WHAT THE TASK ASKS. The answer should be every line below, repeated exactly, with the images left out.

DATA PROVIDED.
----------

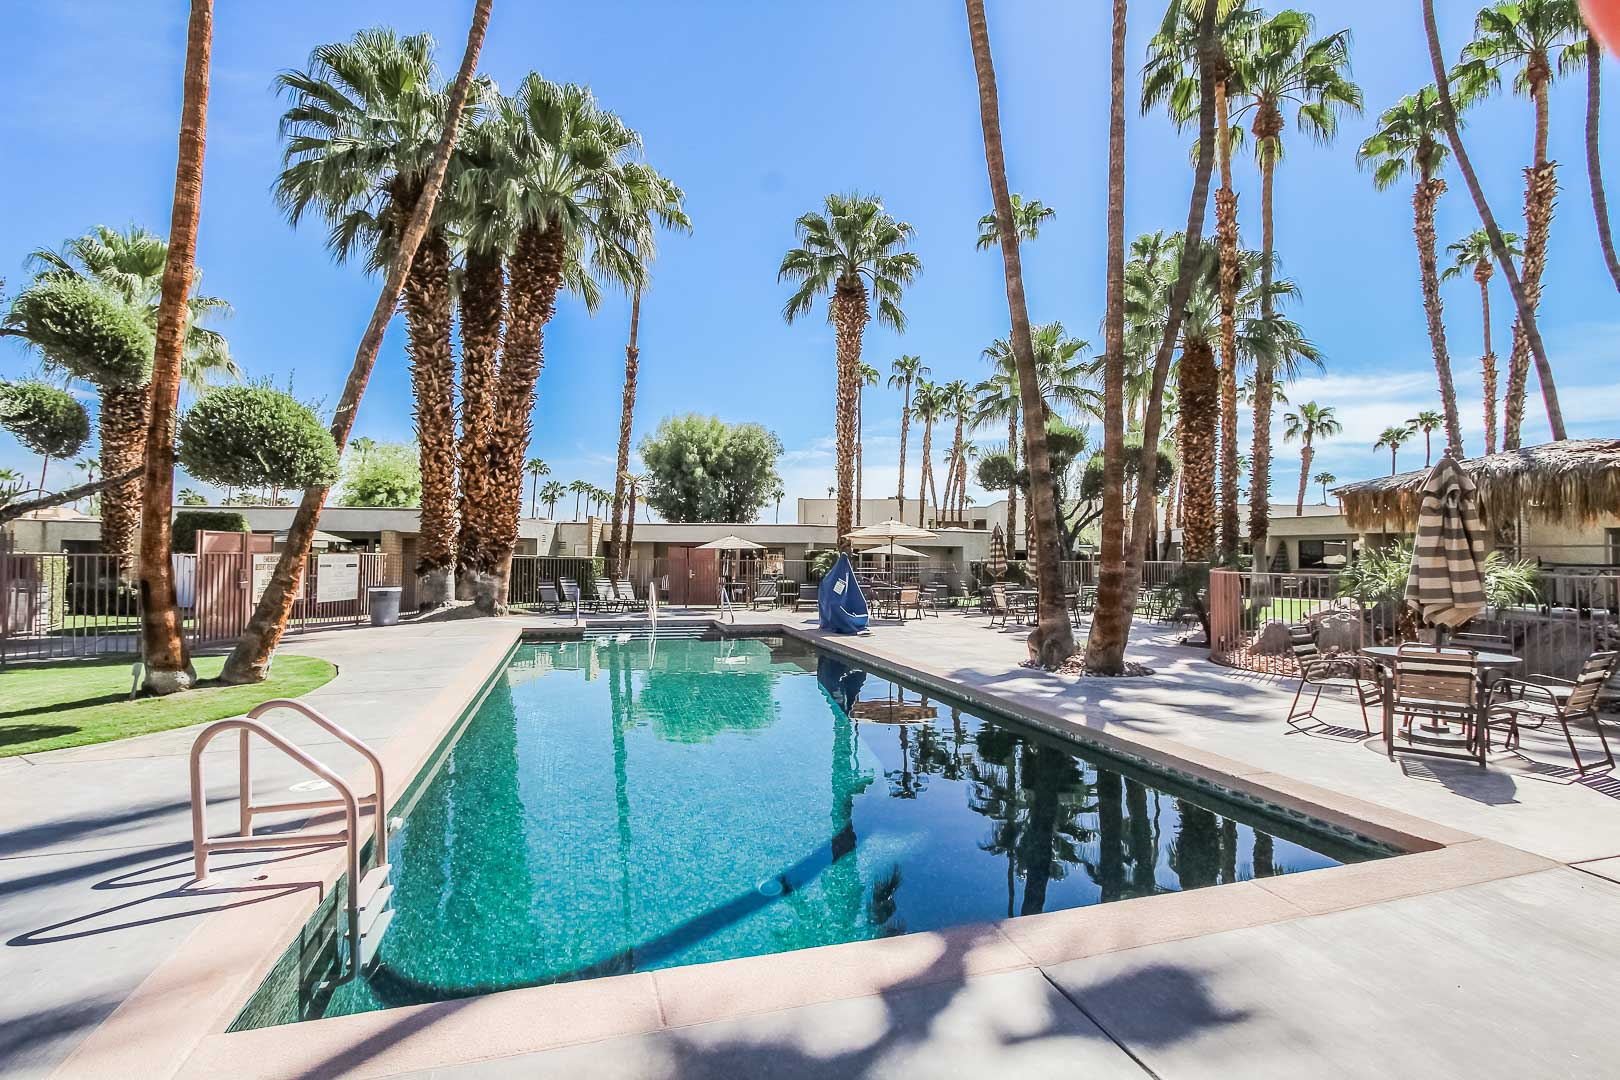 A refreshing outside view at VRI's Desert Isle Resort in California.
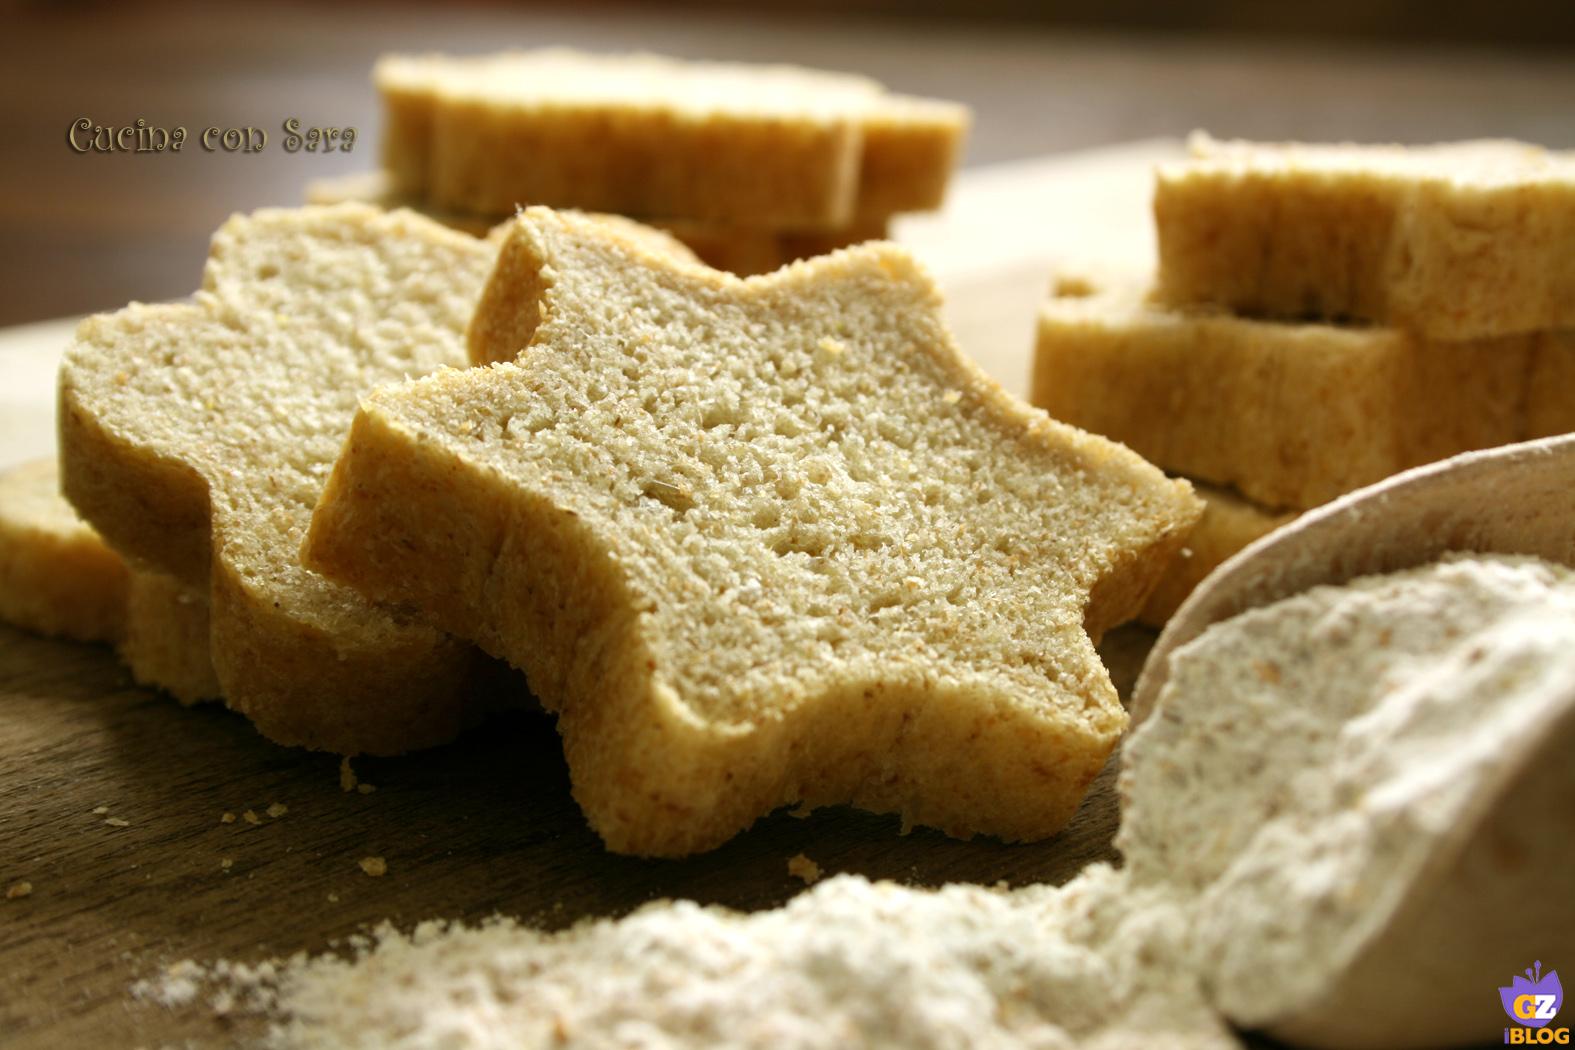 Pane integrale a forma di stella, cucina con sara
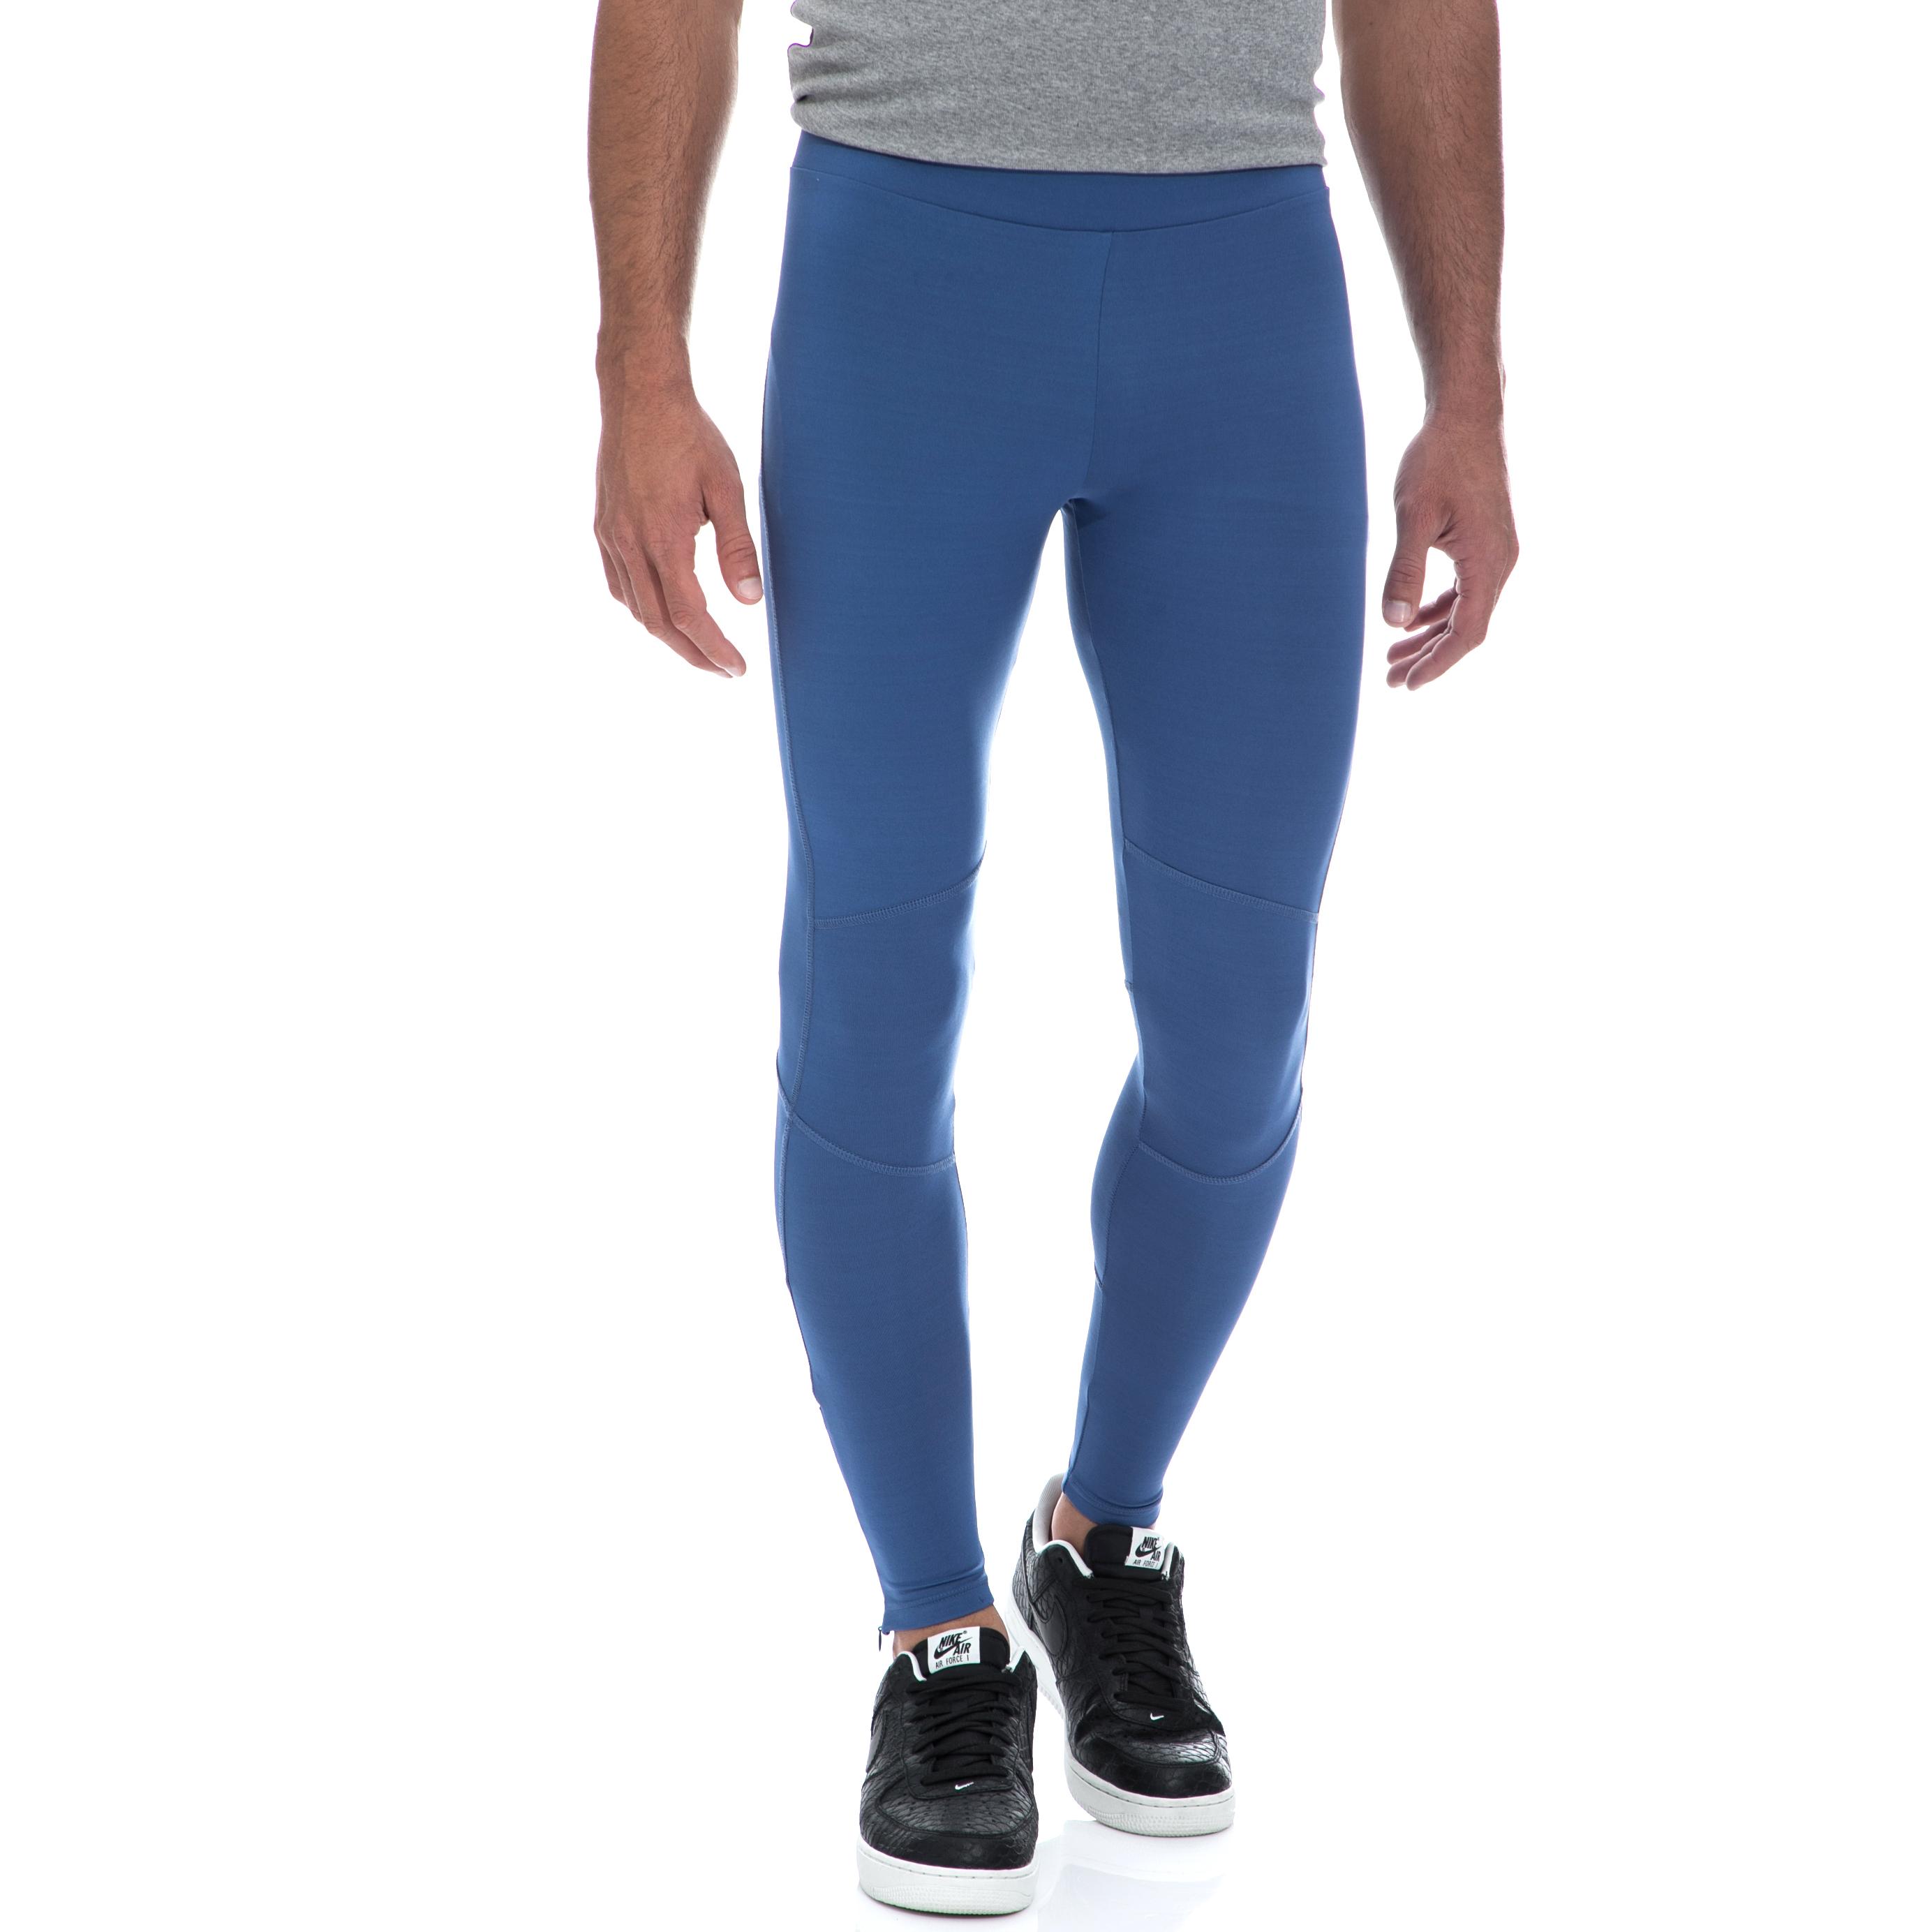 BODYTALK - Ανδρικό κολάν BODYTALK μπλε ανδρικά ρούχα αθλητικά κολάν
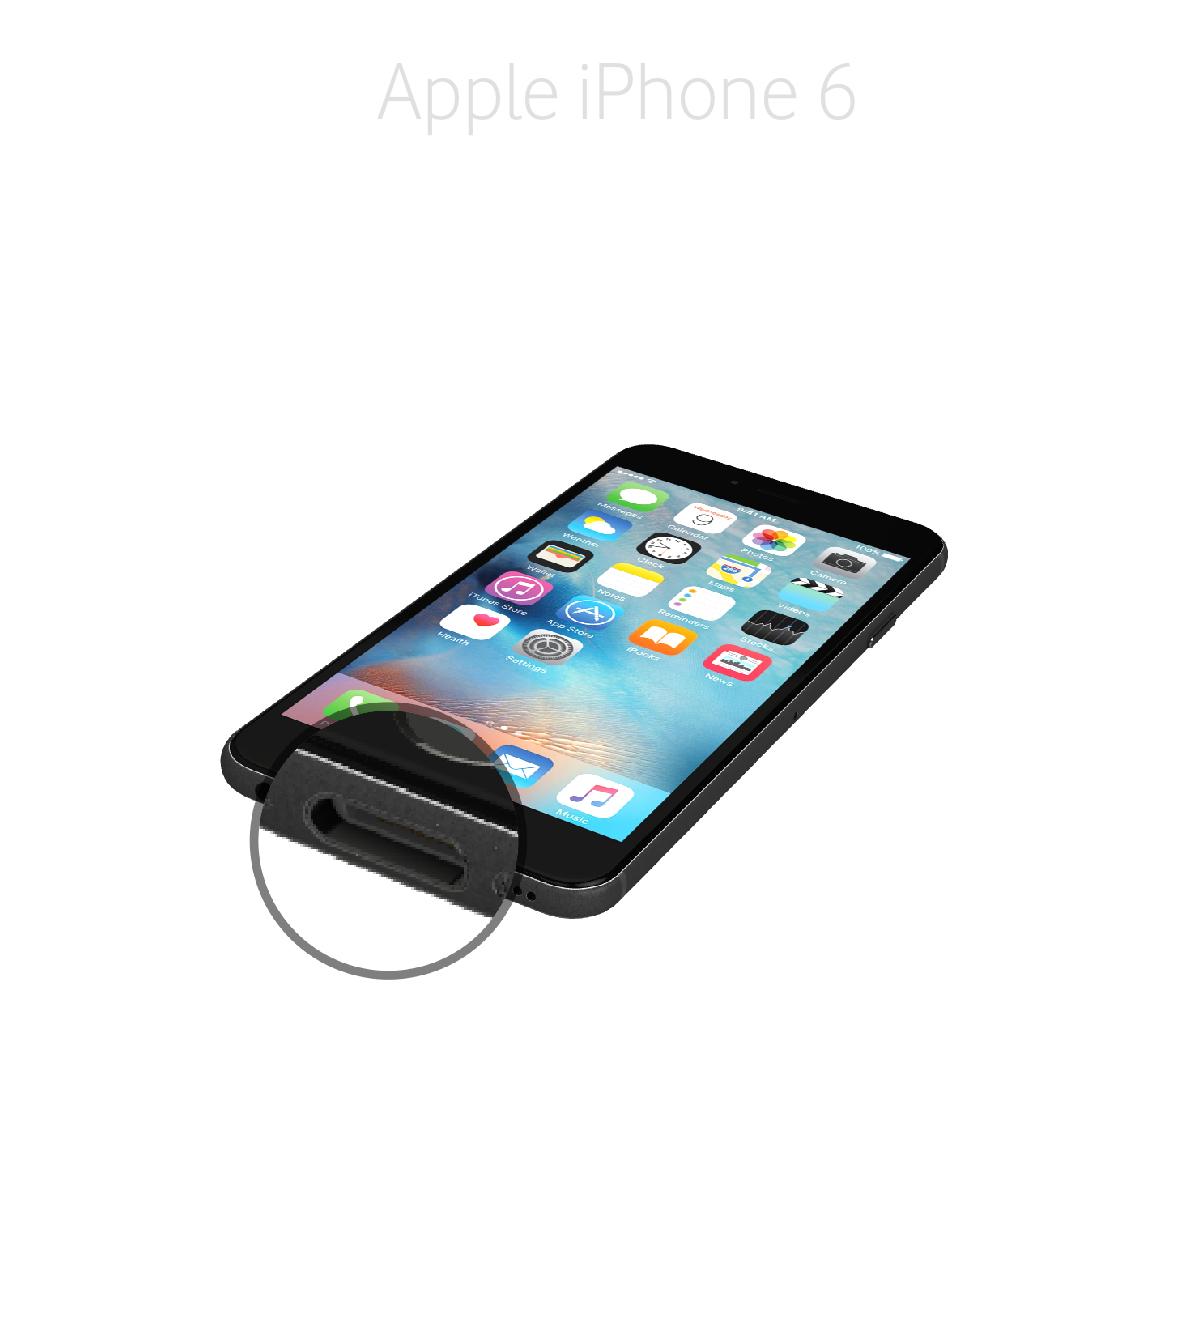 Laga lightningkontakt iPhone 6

----------

SOLUTION.
 A refreshing outside view at VRI's Desert Isle Resort in California.
 Pane integrale a forma di stella, cucina con sara
 BODYTALK - Ανδρικό κολάν BODYTALK μπλε ανδρικά ρούχα αθλητικά κολάν
 Laga lightningkontakt iPhone 6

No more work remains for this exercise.